Input data.
╭──
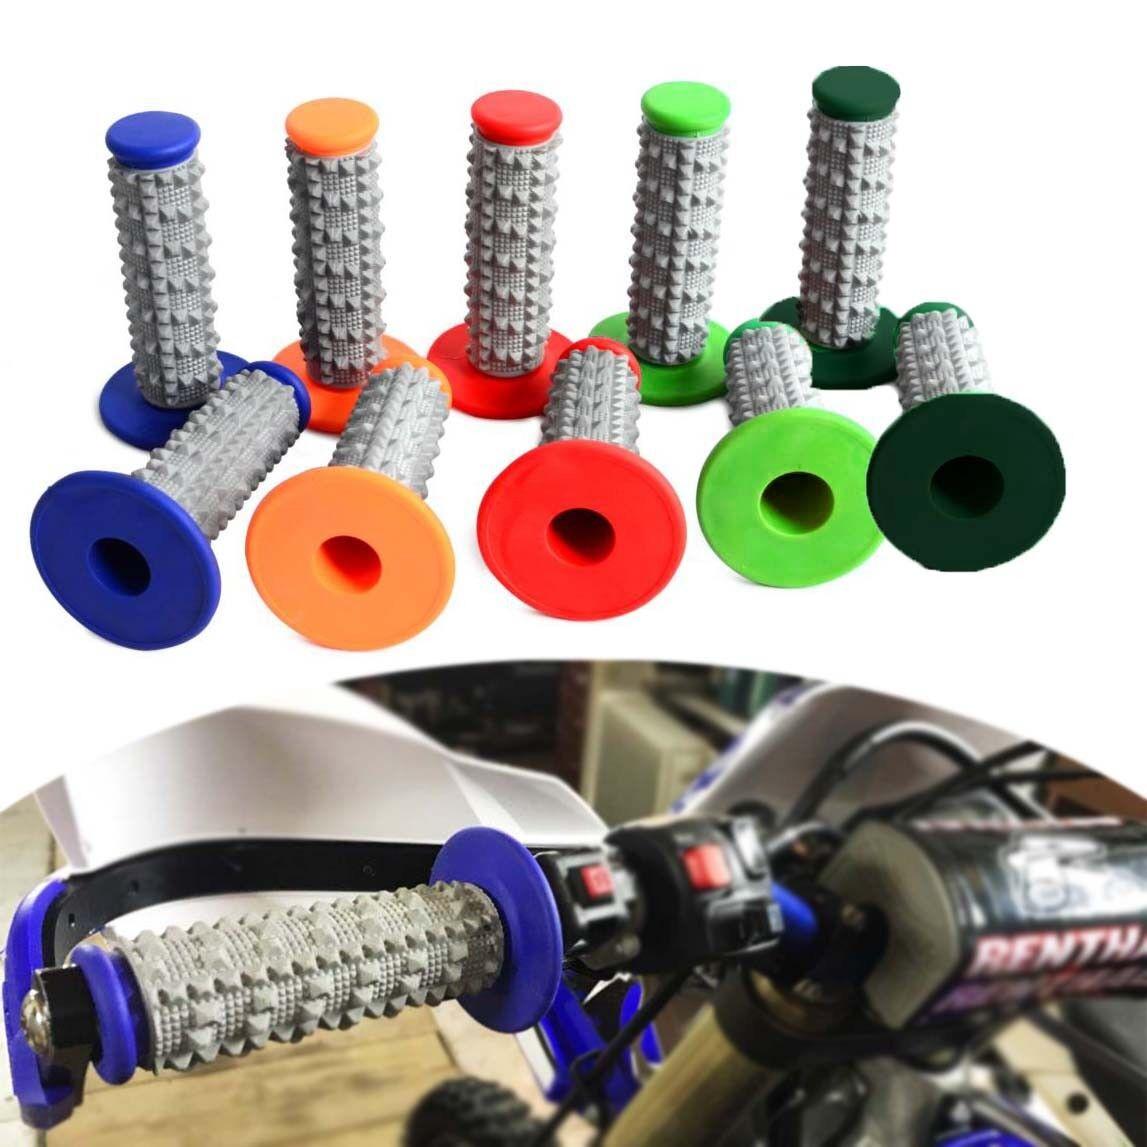 22mm Soft Rubber Handlebar Green Grips For Chinese Pit MX Dirt Bikes motorcross
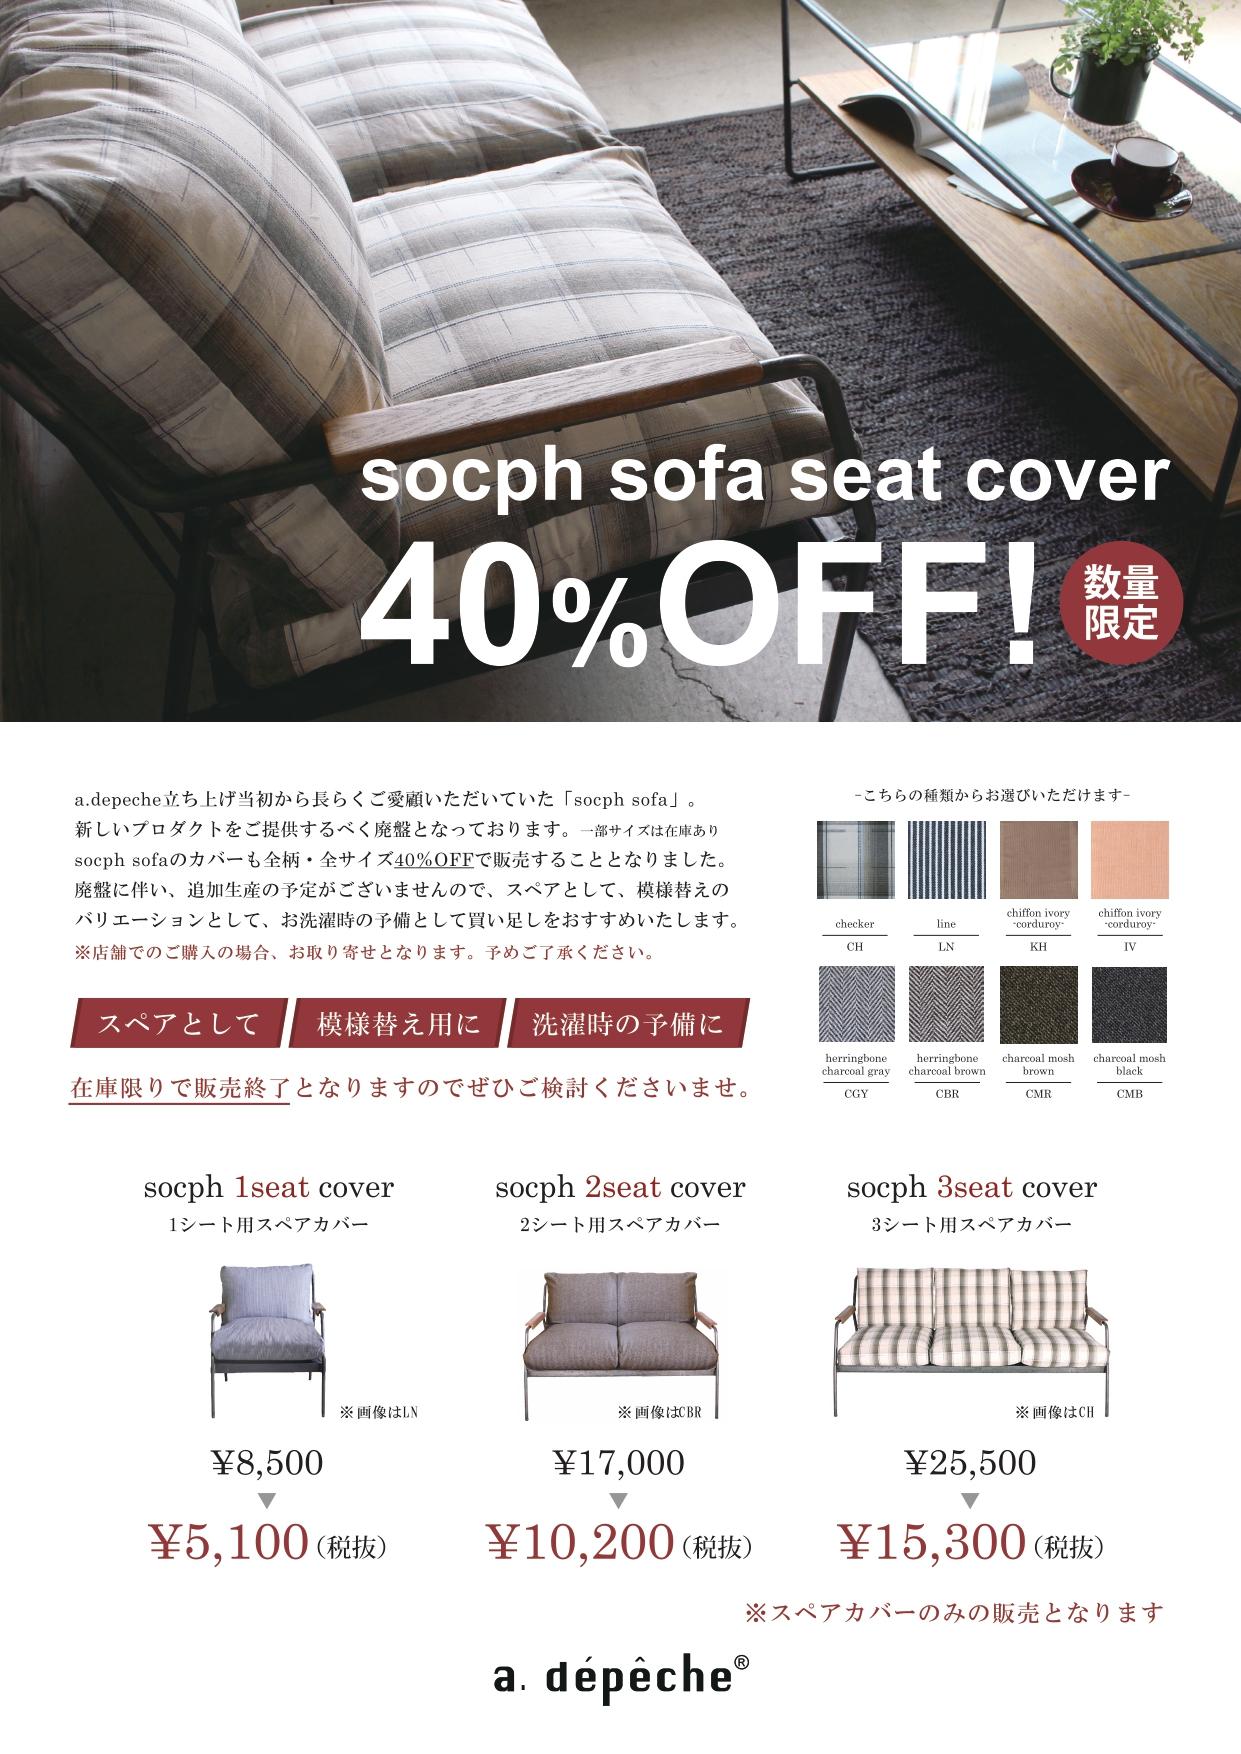 socph sofa cover special price販売のご案内
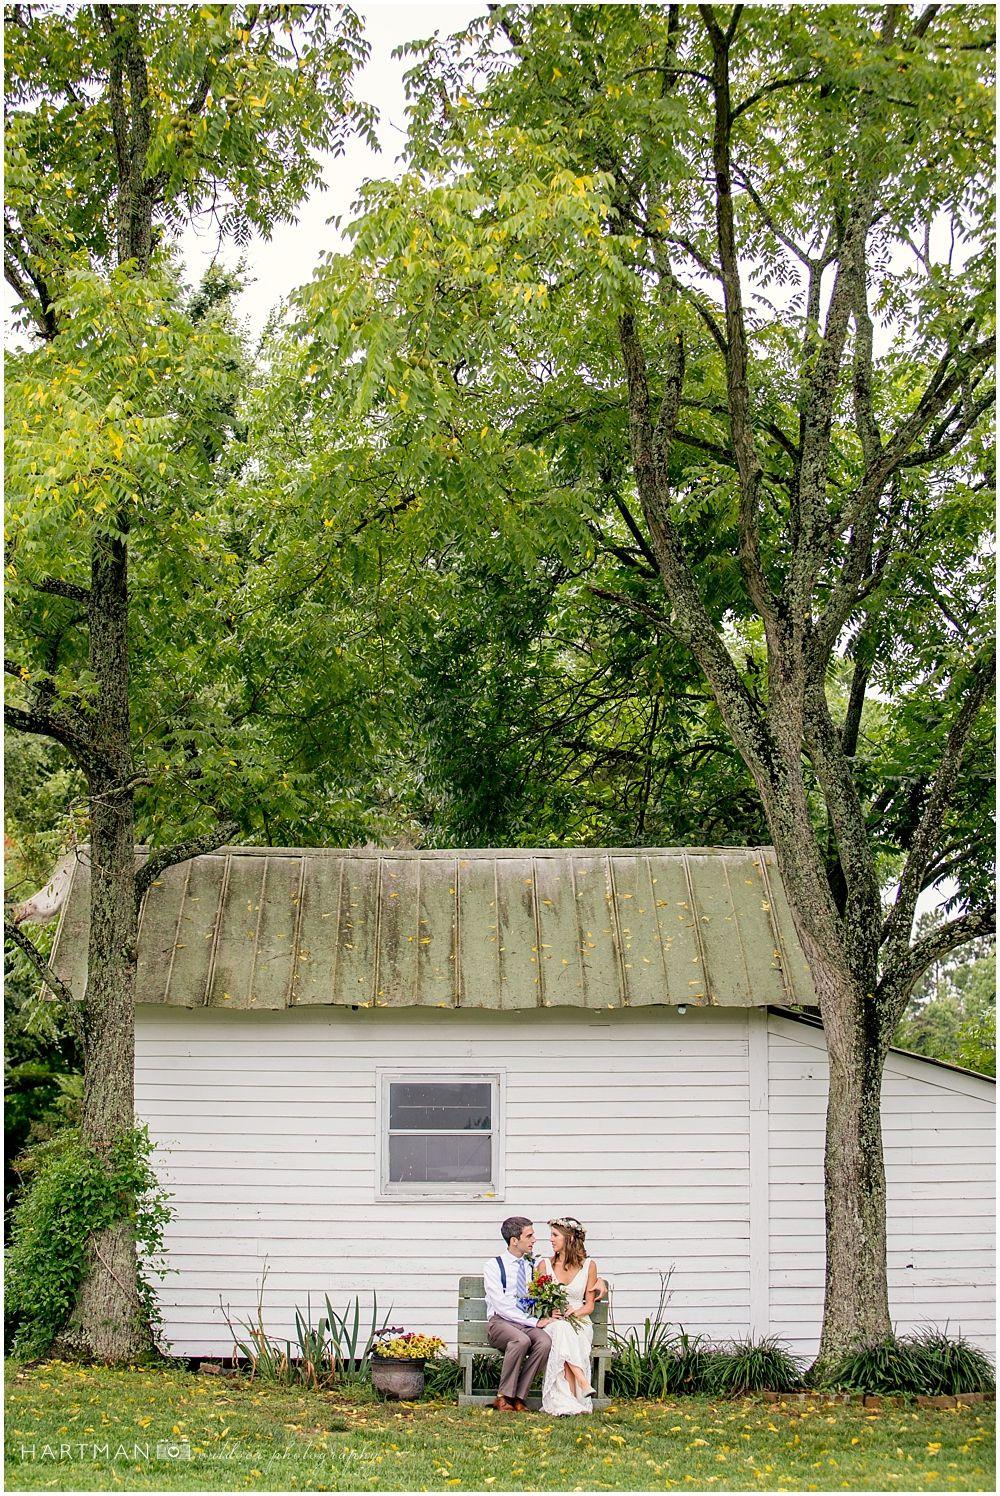 Hodgkin Valley Farm Wedding Pleasant Garden North Carolina Bride And Groom Under Tall Tree Rustic Portrait Bohemian Outdoor: Outdoor Wedding Venue North Carolina At Reisefeber.org
╰──
Description of the task. The answer must be the full listing, exact in every line, with the pictures removed.

Written solution.
 22mm Soft Rubber Handlebar Green Grips For Chinese Pit MX Dirt Bikes motorcross
 socph sofa cover special price販売のご案内
 Hodgkin Valley Farm Wedding Pleasant Garden North Carolina Bride And Groom Under Tall Tree Rustic Portrait Bohemian Outdoor: Outdoor Wedding Venue North Carolina At Reisefeber.org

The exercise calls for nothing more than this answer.